Only the pictures are to be left out; please reproduce everything else in the data exactly.

START DATASET CONTENT

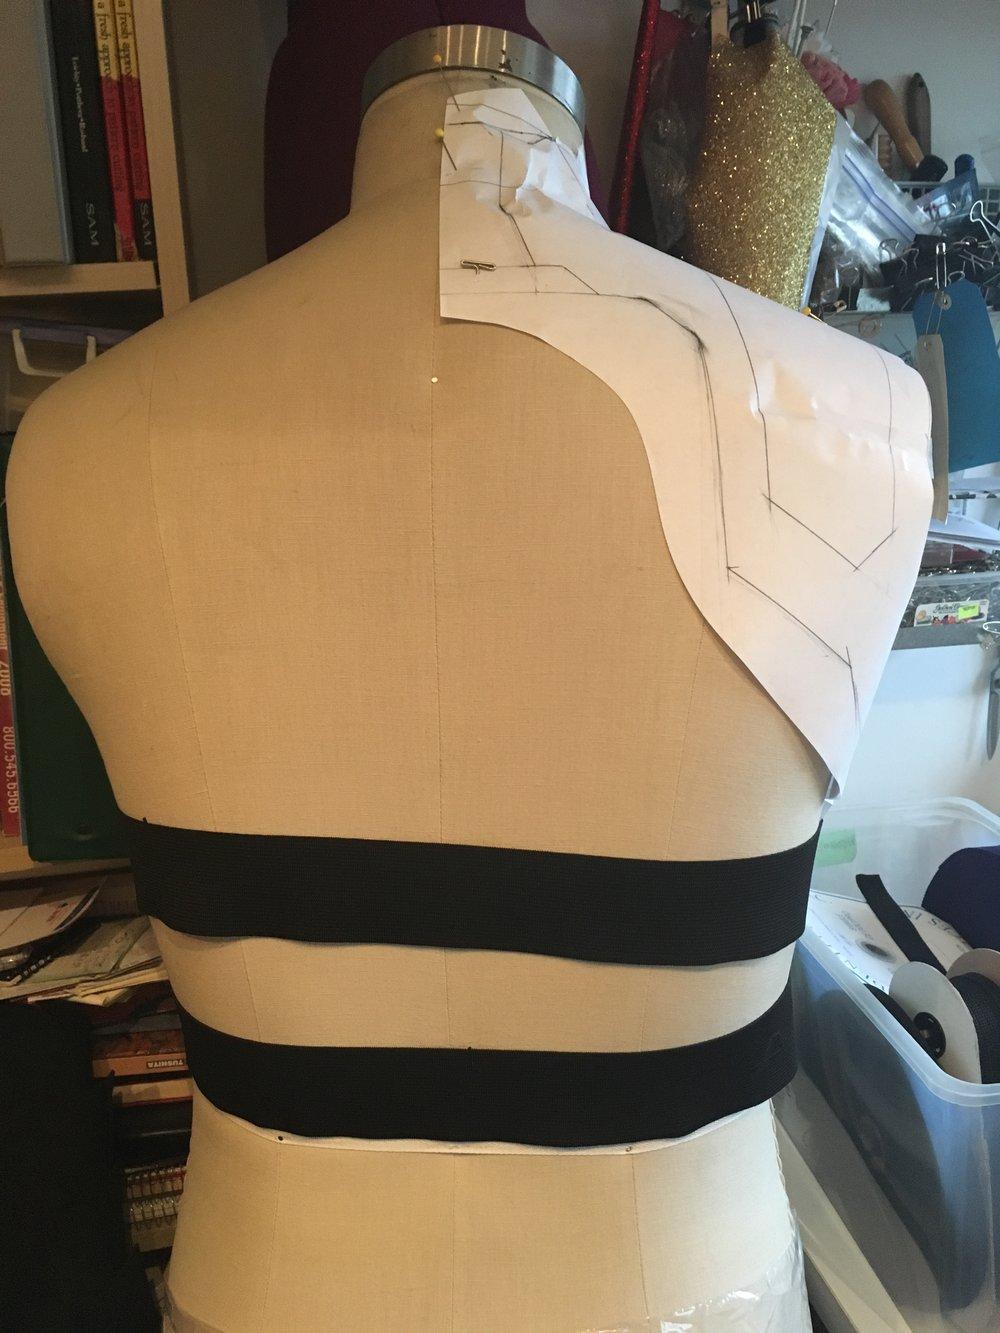 OG Kovacs - Body Harness - Patterning
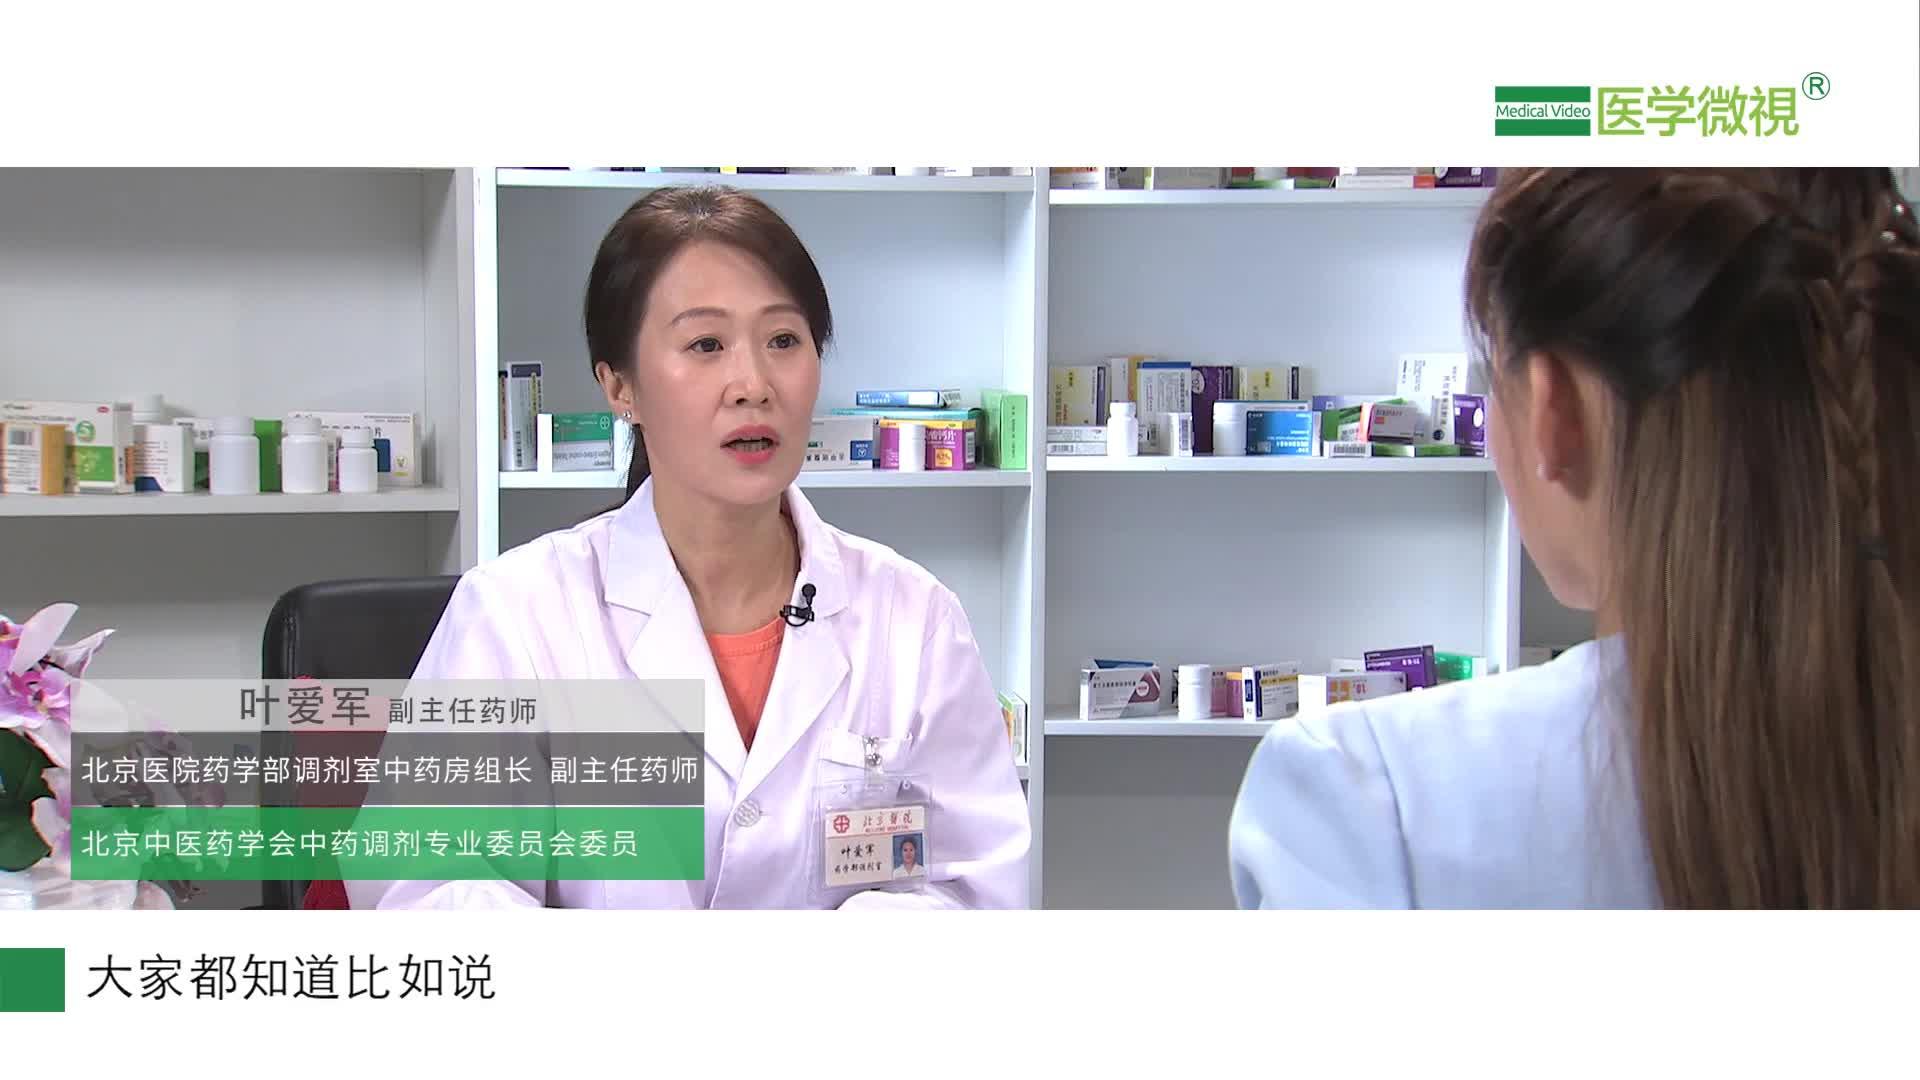 """中医说的""""肺热咳嗽""""是怎么回事?通宣理肺丸肺阳虚能吃吗?"""
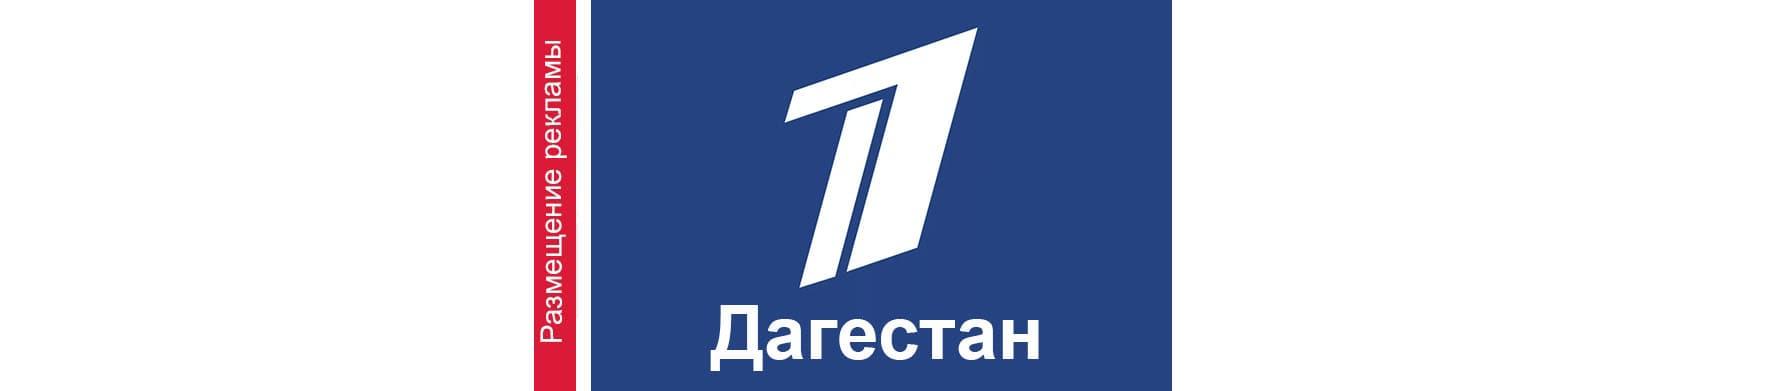 Реклама на телевидении в Дагестане Первый

END DATASET CONTENT

_RESULT OF THIS TASK:_
 OG Kovacs - Body Harness - Patterning
 """中医说的""""肺热咳嗽""""是怎么回事?通宣理肺丸肺阳虚能吃吗?"""
 Реклама на телевидении в Дагестане Первый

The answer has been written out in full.